Por Adriano Bueno (*)
O ano 2020 foi marcado por contradições e conflitos raciais espalhados pelo mundo. Foi assim nos EUA. E foi assim no Brasil.
A vida dos trabalhadores negros e das trabalhadoras negras nunca foi fácil. Espremidos entre a exclusão social gerada pelas políticas econômicas neoliberais, de um lado; e pelo racismo e a violência racial, de outro lado; ano passado, passaram a lidar também com a pandemia de COVID-19.
Por outro lado, se é fato que a situação se agravou, também é fato que houve muita luta. Nos EUA, o Black Lives Matter – Vidas Negras Importam – ocupou as ruas, contribuindo para a derrota eleitoral de Trump. No Brasil, a juventude negra, ao lado de trabalhadores de aplicativos e torcidas organizadas, também ocupou as ruas contra Bolsonaro e o bolsonarismo.
Todos estes movimentos são muito bem vindos. Mas é necessário que façamos o debate sobre os rumos que eles devem tomar. Aqui no Brasil, a eleição presidencial acontece só em 2022 e o que ocorreu nos EUA dois anos antes nos serve de exemplo.
Os protestos contra o assassinato de George Floyd e a violência racial das polícias produziram avanços a serem comemorados. Mas é exemplar que dentro do Partido Democrata o pré-candidato Bernie Sanders tenha sido derrotado pela direita gourmet, com um programa “antirracista” nas declarações, mas racista em sua política econômica neoliberal.
Existe um vínculo entre o neoliberalismo e a violência racial praticada pelas polícias. Assim como existe vínculo entre o neoliberalismo e o encarceramento em massa. Uma coisa é consequência direta da outra. Não será possível obtermos avanços significativos na luta antirracista sem ao mesmo tempo superarmos o neoliberalismo.
A pré-candidatura de Bernie Sanders, que propunha um programa muito mais avançado e que dialogava muito mais com as necessidades materiais do povo negro, acabou derrotada internamente por Joe Biden.
A virada nas primárias ocorreu justamente na Carolina do Norte, onde o eleitorado negro possui peso no partido democrata. O movimento negro estadunidense derrotou o fascista Trump, mas não derrotou o neoliberalismo, que segue em curso com Joe Biden, a direita gourmet deles.
No Brasil, temos que derrotar Bolsonaro. Embora o PT seja muito diferente do Partido Democrata e Lula esteja muito bem posicionado nas pesquisas, tudo indica que 2022 será um ano de batalhas duras.
Mas não basta derrotar o fascista Bolsonaro, com seu racismo escancarado, se não derrotarmos também o programa econômico que os fascistas implementam. E muitas são as possibilidades que o Capital possui para garantir sobrevida ao neoliberalismo: de se realinhar em peso com Bolsonaro; passando por viabilizar uma terceira via gourmet até indicir sobre a própria política de alianças do PT.

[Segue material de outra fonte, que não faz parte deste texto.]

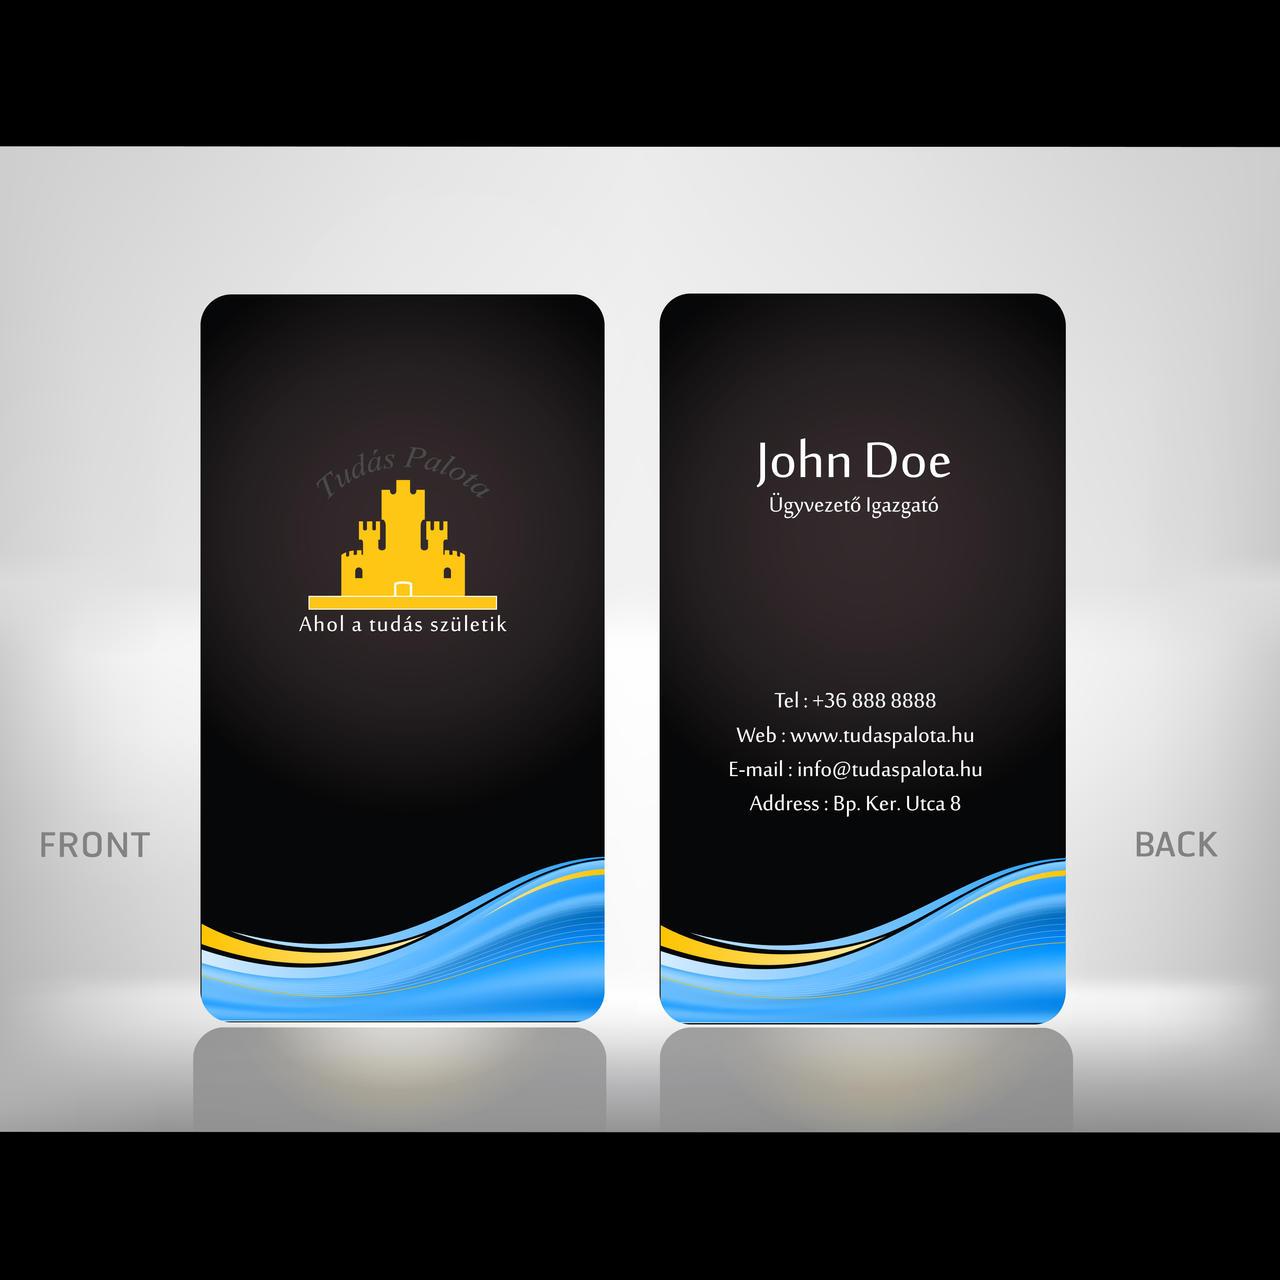 Doc845575 Sample Cards Business Card Sample Choose Samples to – Business Card Sample
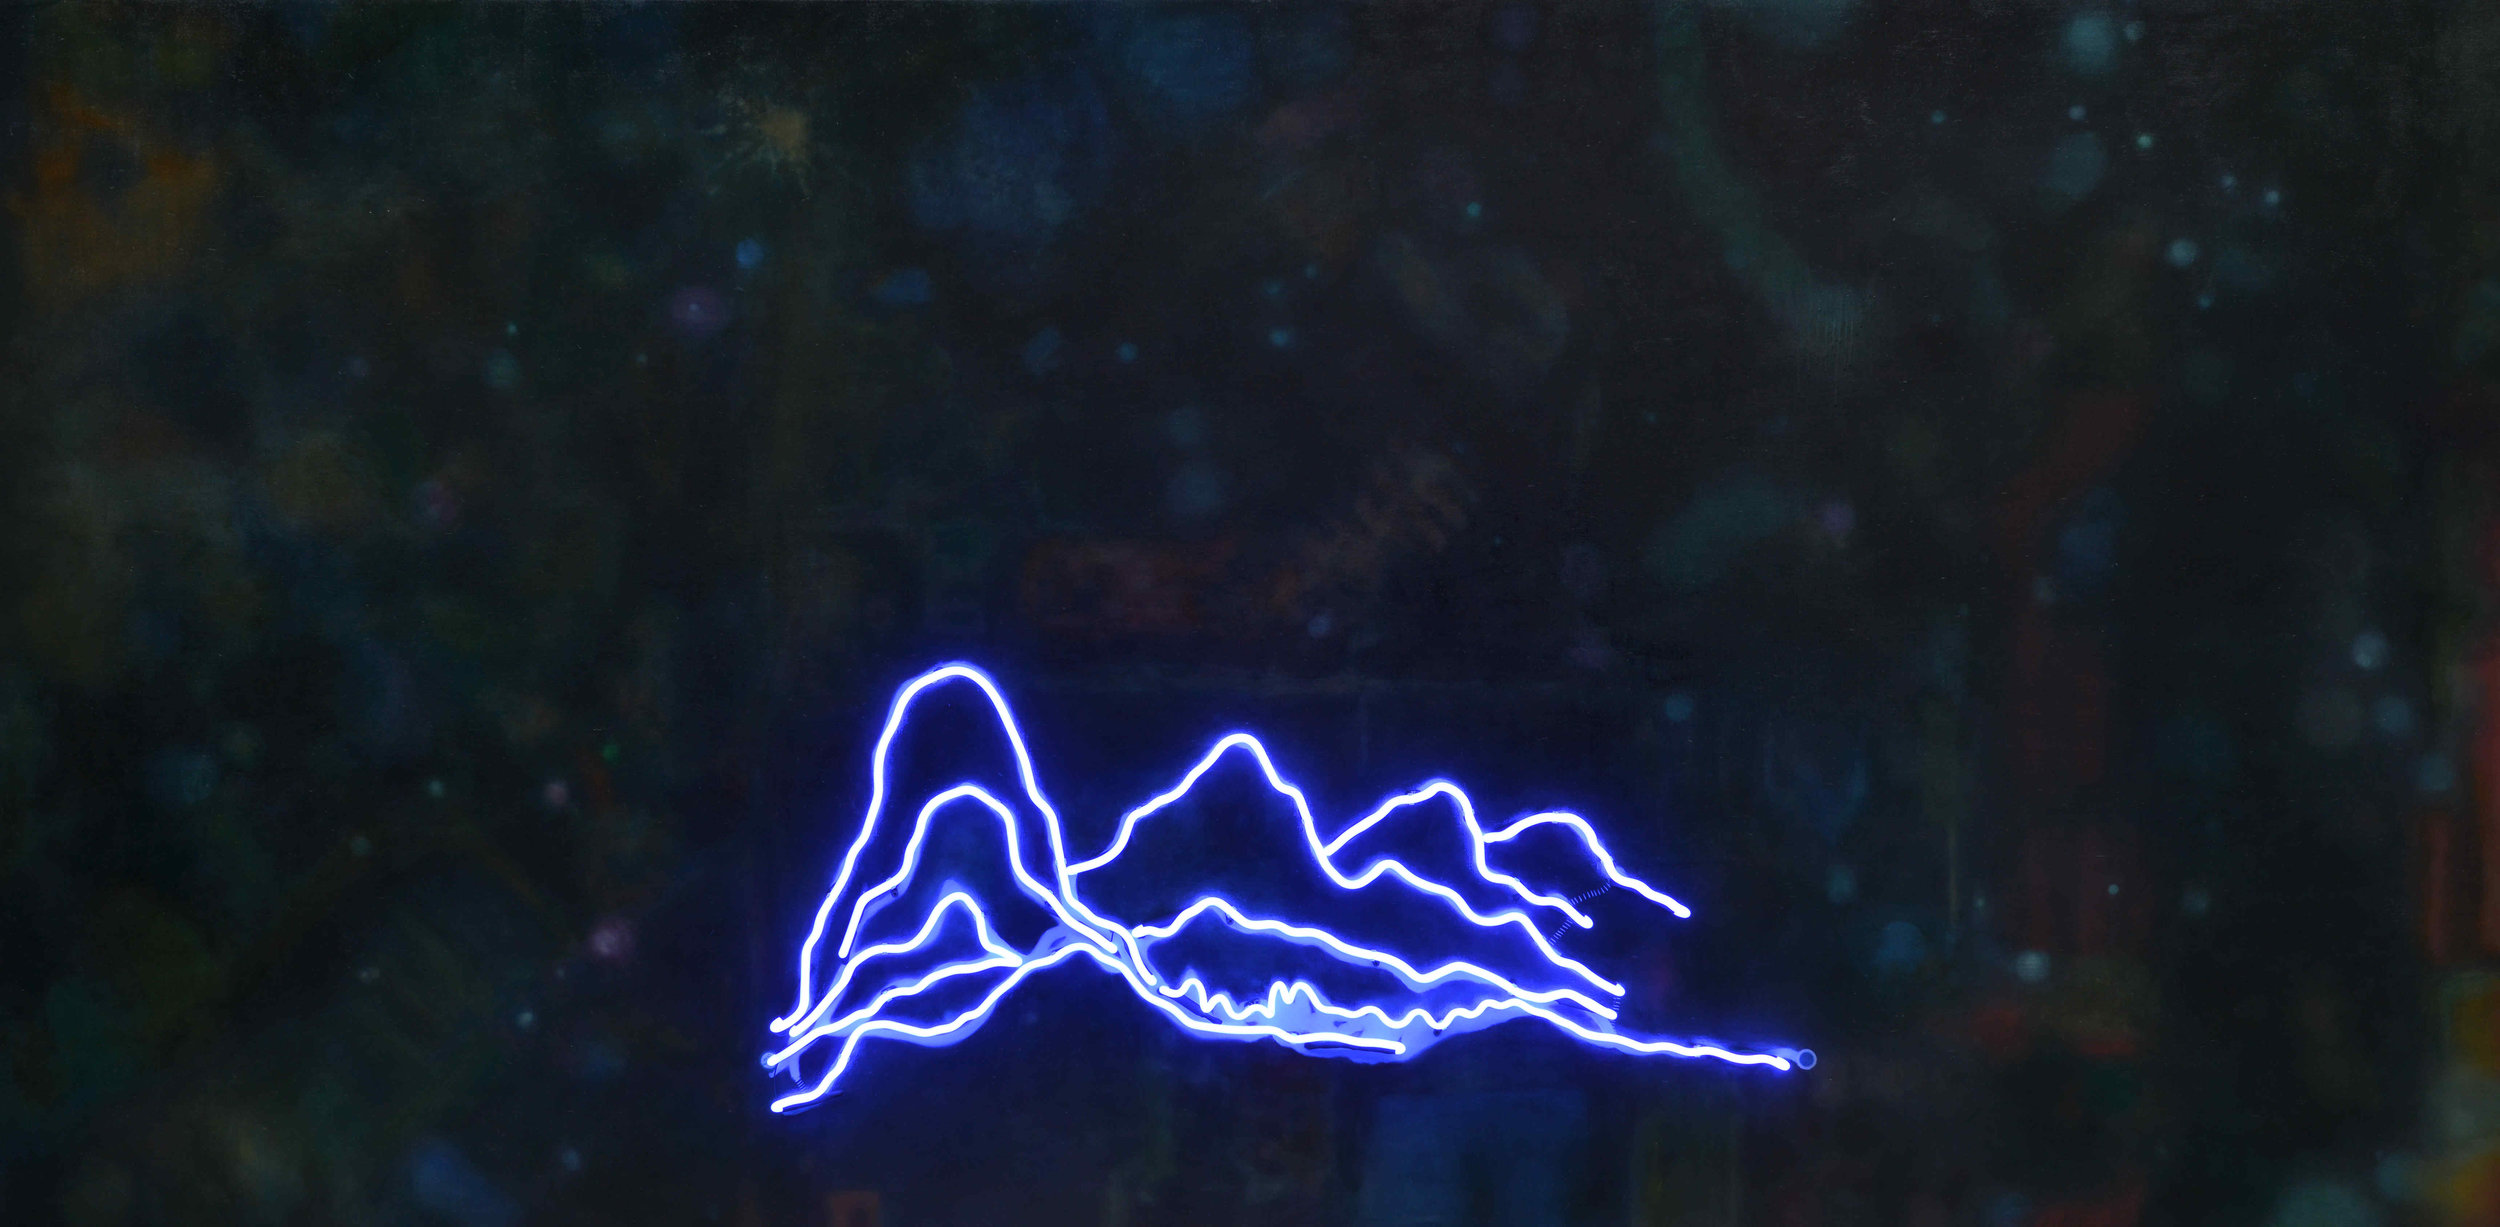 行走 No9霓虹灯、油画和综合材料于帆布Walking  No 9 Neon, oil and Mixed Medium on Canvas_副本.jpg

O 20 de novembro deste ano, Dia da Consciência Negra, será marcado pelo encontro dos atos tradicionais do movimento negro com os atos Fora Bolsonaro. Espero que o movimento negro tenha o seu protagonismo garantido e suas pautas visibilizadas.
Mas espero também que o movimento negro, ao lado dos demais movimentos sociais e sindicais, use bem este momento para rejeitar Bolsonaro, expressão viva do racismo brasileiro atual, em sua versão fascista escancarada; e também rejeitar o neoliberalismo, tão prejudicial aos trabalhadores negros e às trabalhadoras negras, e que anda historicamente acompanhado com o racismo cordial tipicamente brasileiro!
Adriano Bueno é militante do MNU e do Setorial de Combate ao Racismo do PT.